Ogni notte, quando il freddo diventa più cattivo e non bastano più cartoni e giornali per difendersi, tanti senzatetto, pur di non dormire per strada e rischiare la vita (non sono rari i casi di decessi per ipotermia), riempiono i pronto soccorso degli ospedali romani. E così nella piastra del Dipartimento di emergenza del San Camillo così come all'Umberto primo o al San Giovanni, oppure al Grassi di Ostia, non si nega mai una coperta o un pezzo di pane alle decine di persone che non hanno bisogno di assistenza sanitaria ma di un conforto sociale. Un vero e proprio esercito di 7.500 senzatetto, di cui 3.000 vivono in strada, e che non hanno un luogo sicuro dove passare la notte.

 

EMERGENZA
«Il Comune è nuovamente in ritardo sull'emergenza freddo», ha detto pochi giorni fa Marco Impagliazzo, presidente della comunità di Sant'Egidio. «Avevano indetto una prima gara per 230 posti in più ma le offerte ne hanno coperte solo 40 - aggiunge - Non c'è stato un avviso pubblico come avremmo desiderato, ad agosto, per dare tempo alle associazioni di organizzarsi». Sei giorni fa, quando le temperature scesero sotto zero, il Comune ha emesso un'ordinanza per affrontare l'emergenza, ma nulla è cambiato.
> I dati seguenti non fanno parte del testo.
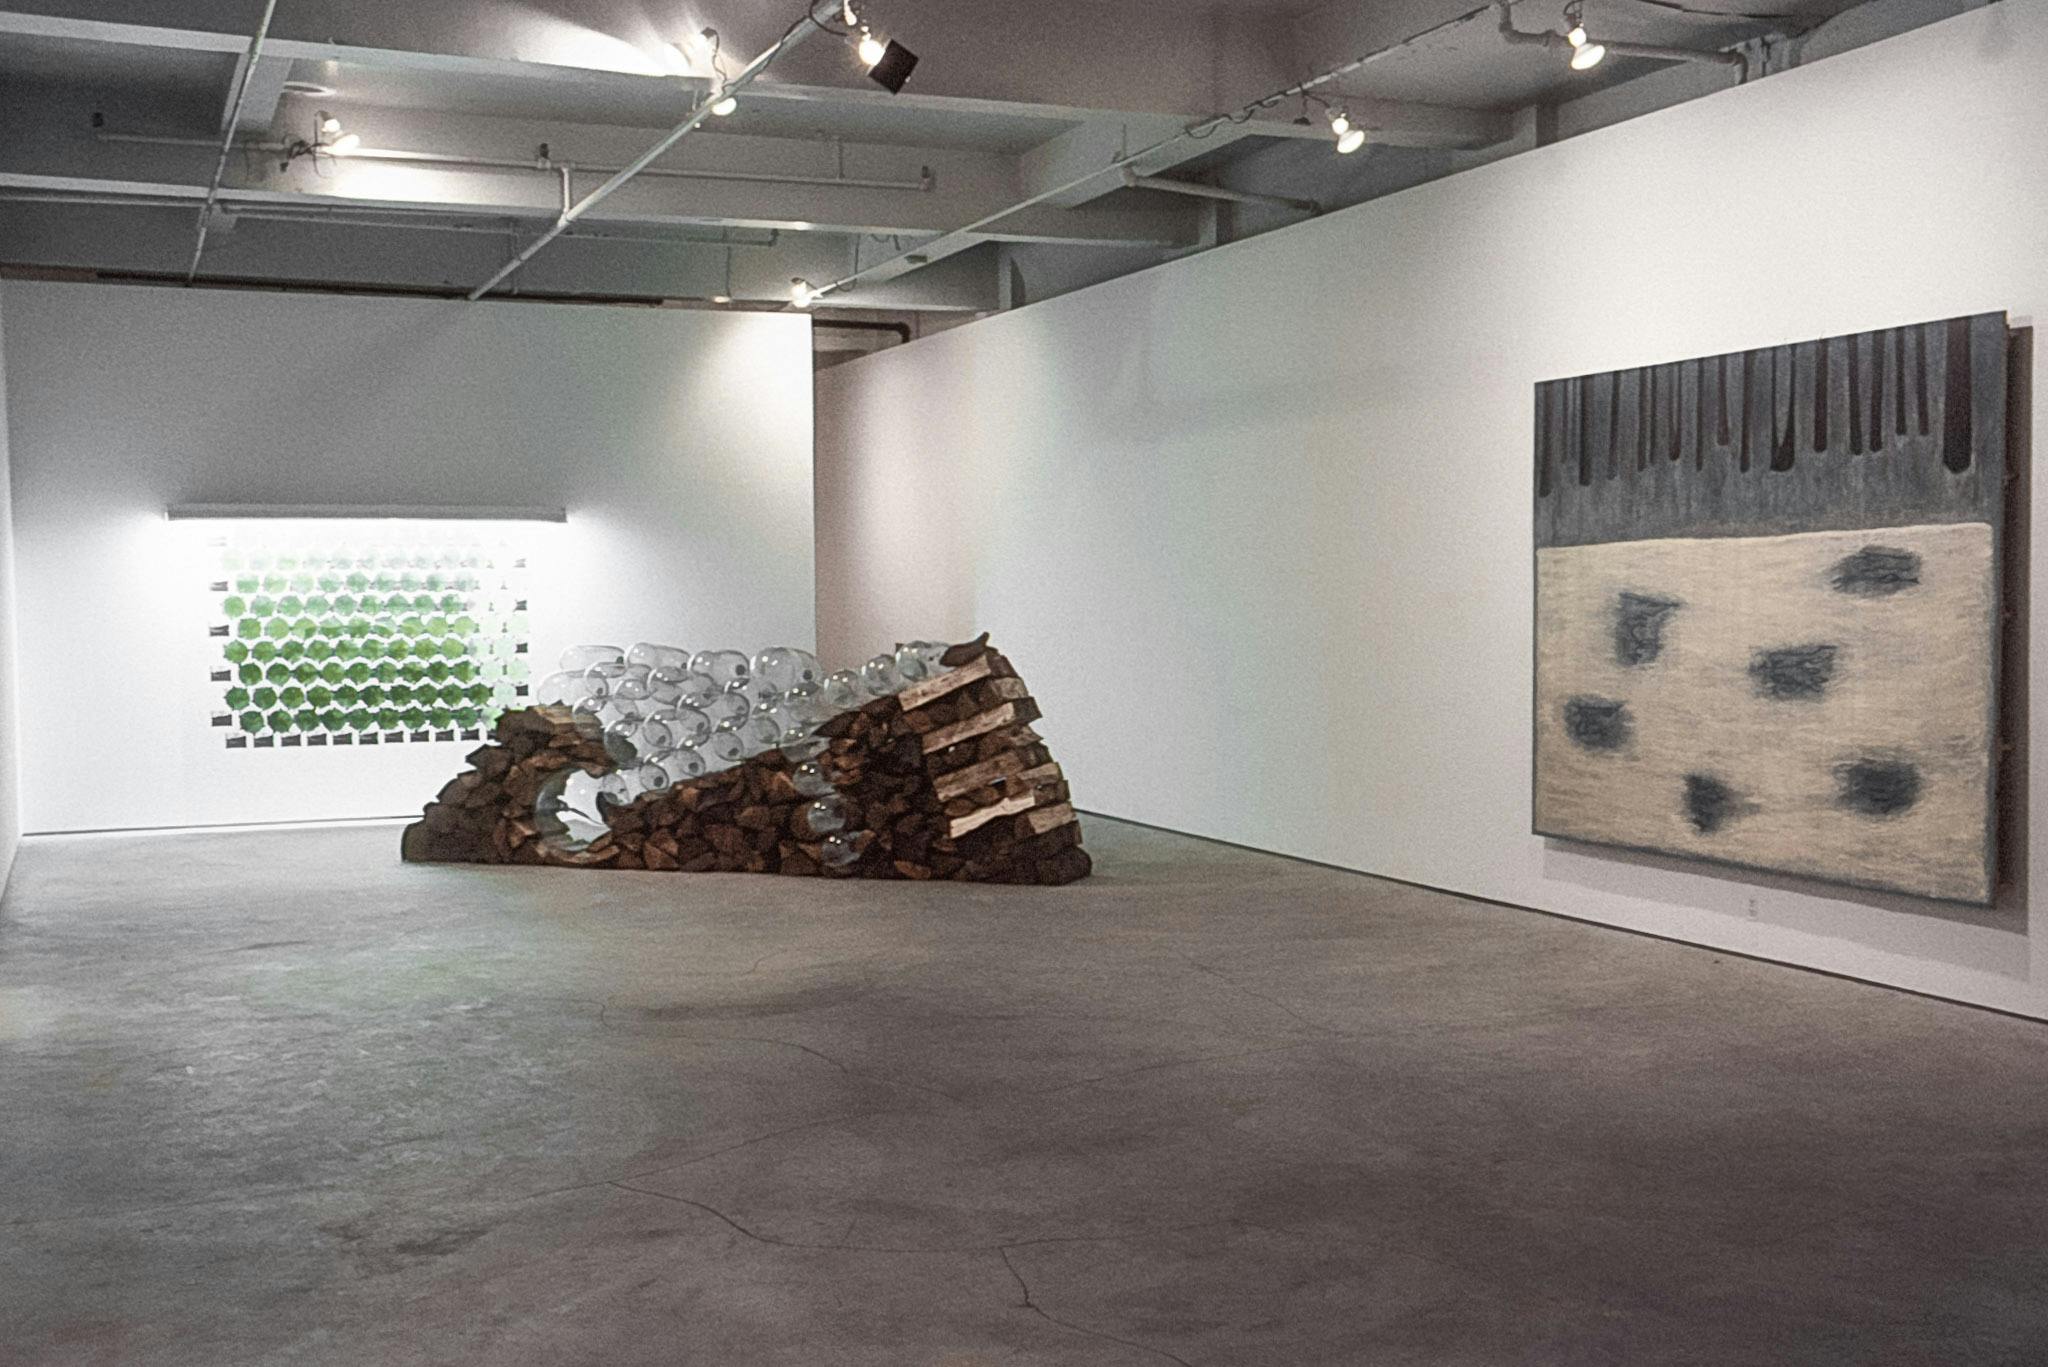 A gallery with 3 visible artworks. One is an illuminated display of green and black shapes on the wall, one is a stack of firewood and glass cylinders, and one is a gray, black, and yellow painting.
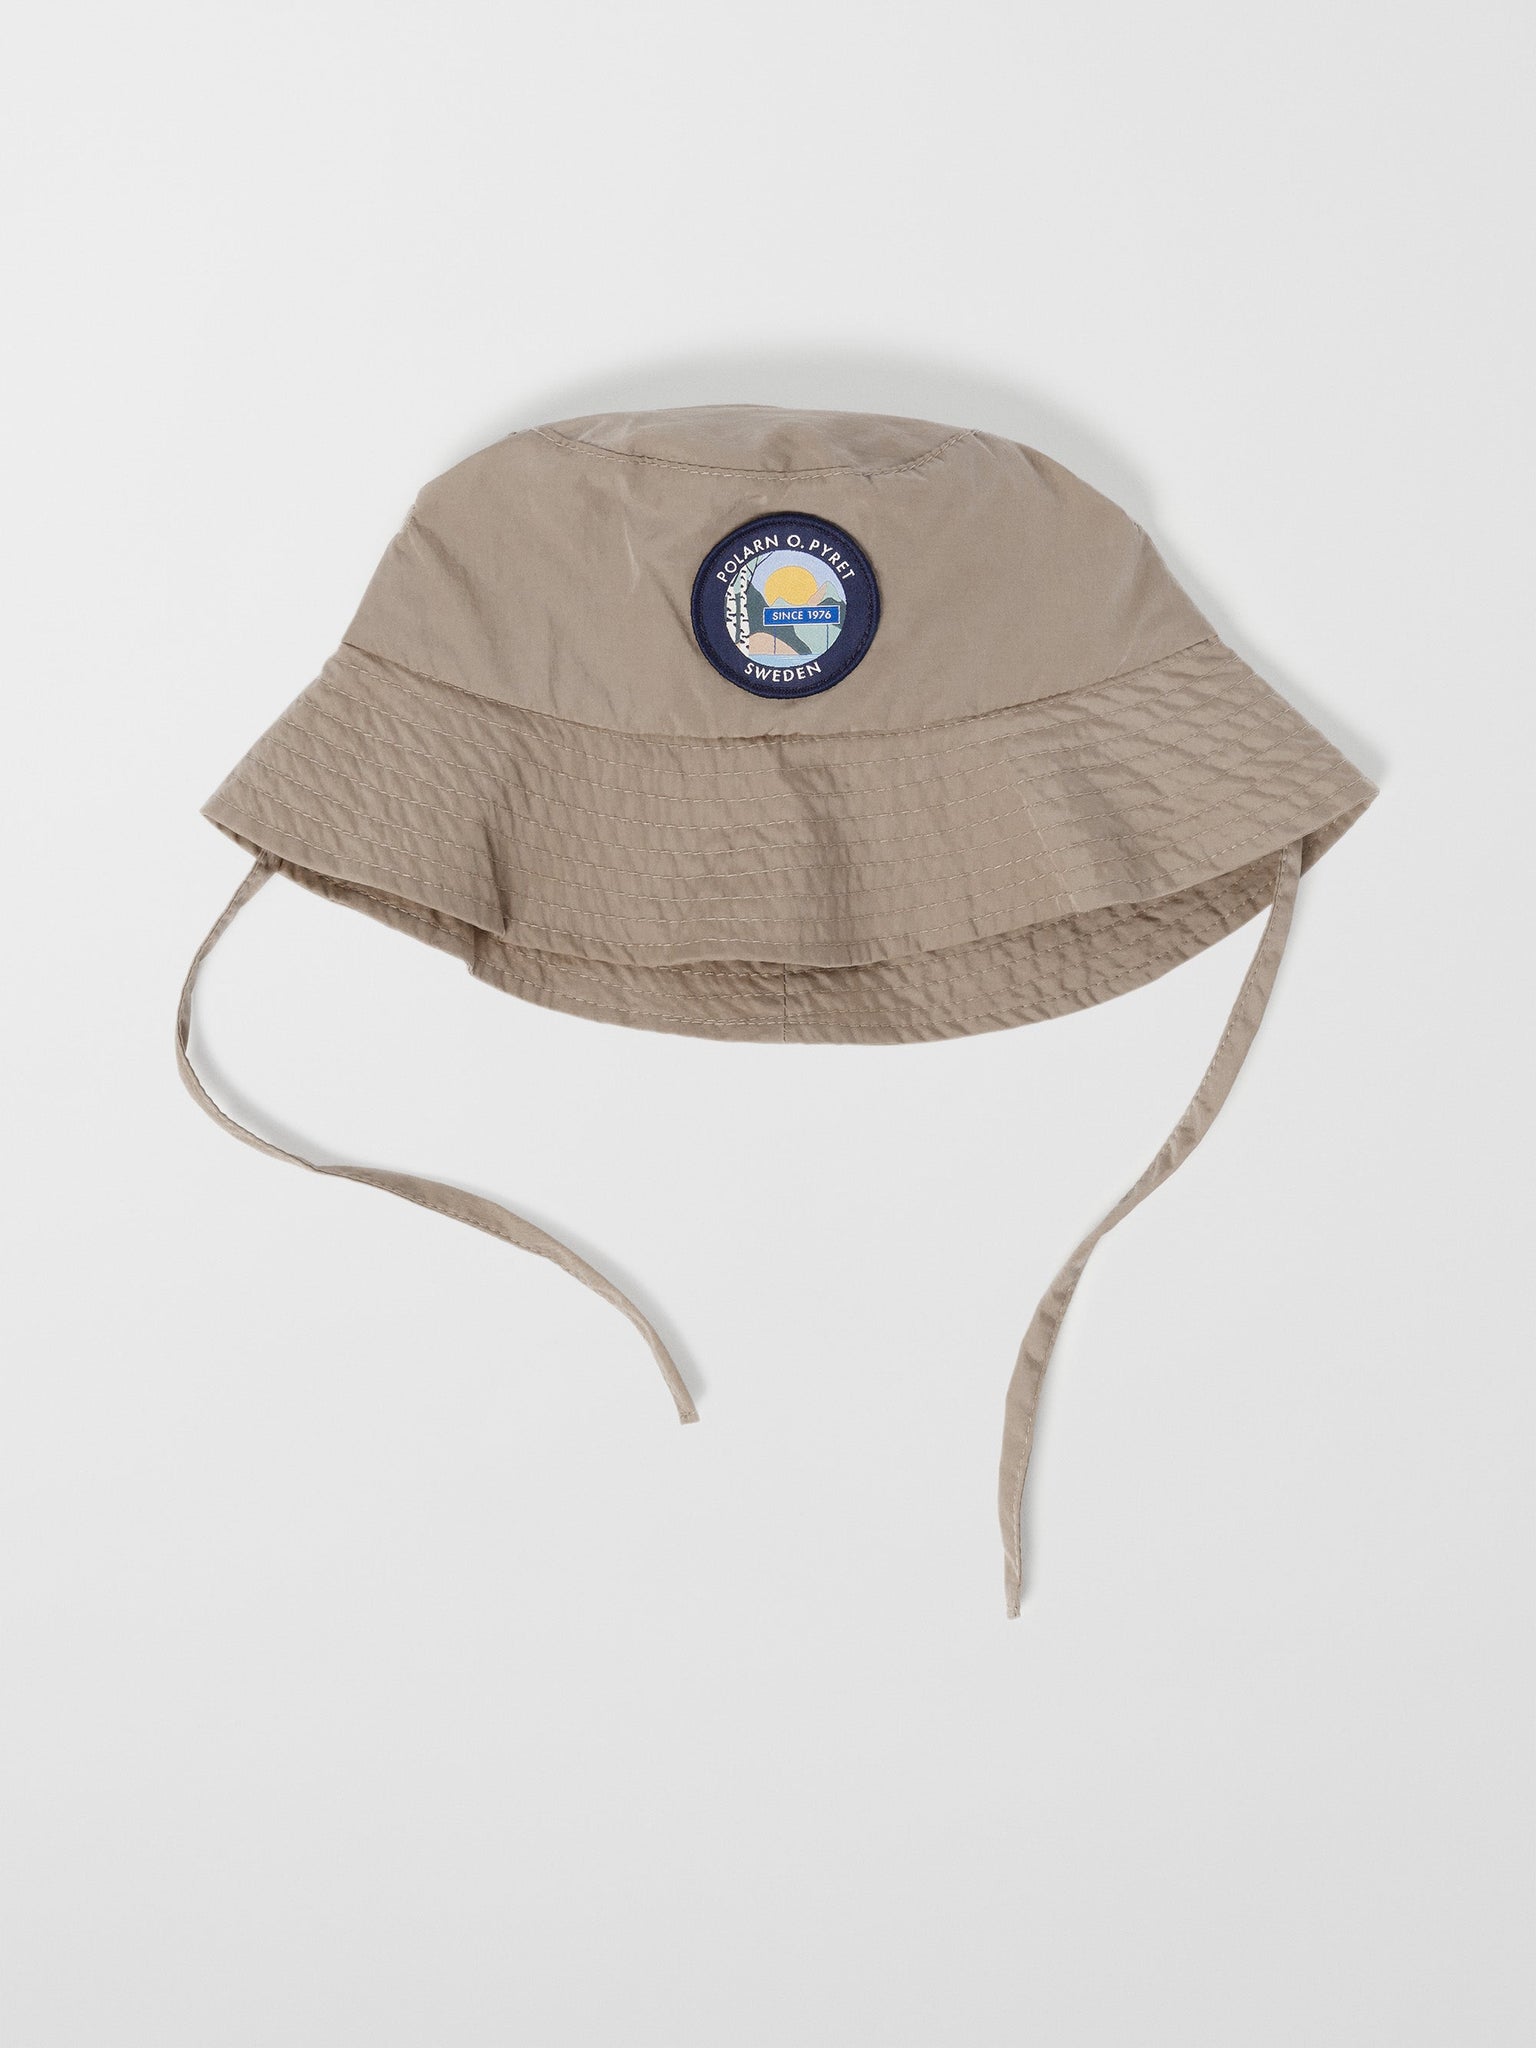 Kids Bucket Hat from the Polarn O. Pyret kidswear collection. Quality kids clothing made to last.

Ogni notte il popolo degli invisibili arriva nelle sale d'attesa degli ospedali per usare i bagni e le sedie come rifugio. «Ma non può essere questa la soluzione», ripetono da anni medici e pazienti. Il San Camillo è tra i più gettonati da sempre. Il tempo di affacciarsi e notare un fagotto raggomitolato su una sedia, uno dei tanti fantasmi, in una notte, una solita notte, di ferite, coliche, influenza. «Fuori fa freddo», un soffio quello che esce dalla bocca della signora, cerca riparo qui al Pronto soccorso, «qualche volta anche all'Umberto I». Stringe la borsa e tenta di riaddormentarsi. Sirene, barellieri, arriva un nuovo codice, rosso o giallo. Tutto finisce poco più in là, di fronte alle sale dei medici. Fuori, nella sala d'attesa, sette senzatetto dormono sulle sedie. Uno si chiama Giulio, o almeno così dice. Ha una cinquantina d'anni, da cinque dorme per strada, prima in via Marsala. Poi, ricoverato per un malore, ha scoperto questo posto. «Soffre di alcolismo - racconta un infermiere - e spesso ha bisogno di cure. Farlo dormire all'aperto sarebbe disumano». Due anziani coniugi discutono di scadenze di pagamenti, una giovane donna litiga con il fidanzato via cellulare, un uomo sulla cinquantina è assorto nei suoi pensieri.

IL VIAVAI
«Non è sempre così - interviene un infermiere tutto precisino - Qui, certe notti, arriviamo anche a cento interventi in 12 ore». Si crea dibattito, l'atmosfera abbandona la sonnolenza. Altro ospedale, stessa notte di sonno precario all'Umberto I. Sembrerebbe una paziente in attesa di essere medicata una signora sulla sessantina con escoriazioni alle gambe. Invece si è fatta male da sola. Assopita, ha perso l'equilibrio e si è risvegliata a terra. Alri chiacchierano con delle coperte addosso. Stessa fotografia al San Giovanni. La vita in strada è una lotta. Lo è anche trovare posto in una struttura del Comune. «Come è possibile che la sala d'attesa venga scambiata per un ricovero notturno - dice il consigliere regionale (FdI), Fabrizio Santori - È intollerabile, sia dal punto di vista sanitario che umano. Quelle persone dovrebbero essere aiutate dall'amministrazione, con un piano adeguato, e i pazienti e i loro familiari dovrebbero essere accolti in sale pulite». «Se da una parte si accetta il fatto che le persone rimaste senza una casa cerchino un posto caldo dove rifugiarsi, dall'altra bisogna anche tener conto che l'utente che viene al Pronto Soccorso soffre o prova disagio nel trovarsi in questa situazione», spiega il presidente del Club della Libertà per le politiche sociali e sicurezza, Marco Rollero».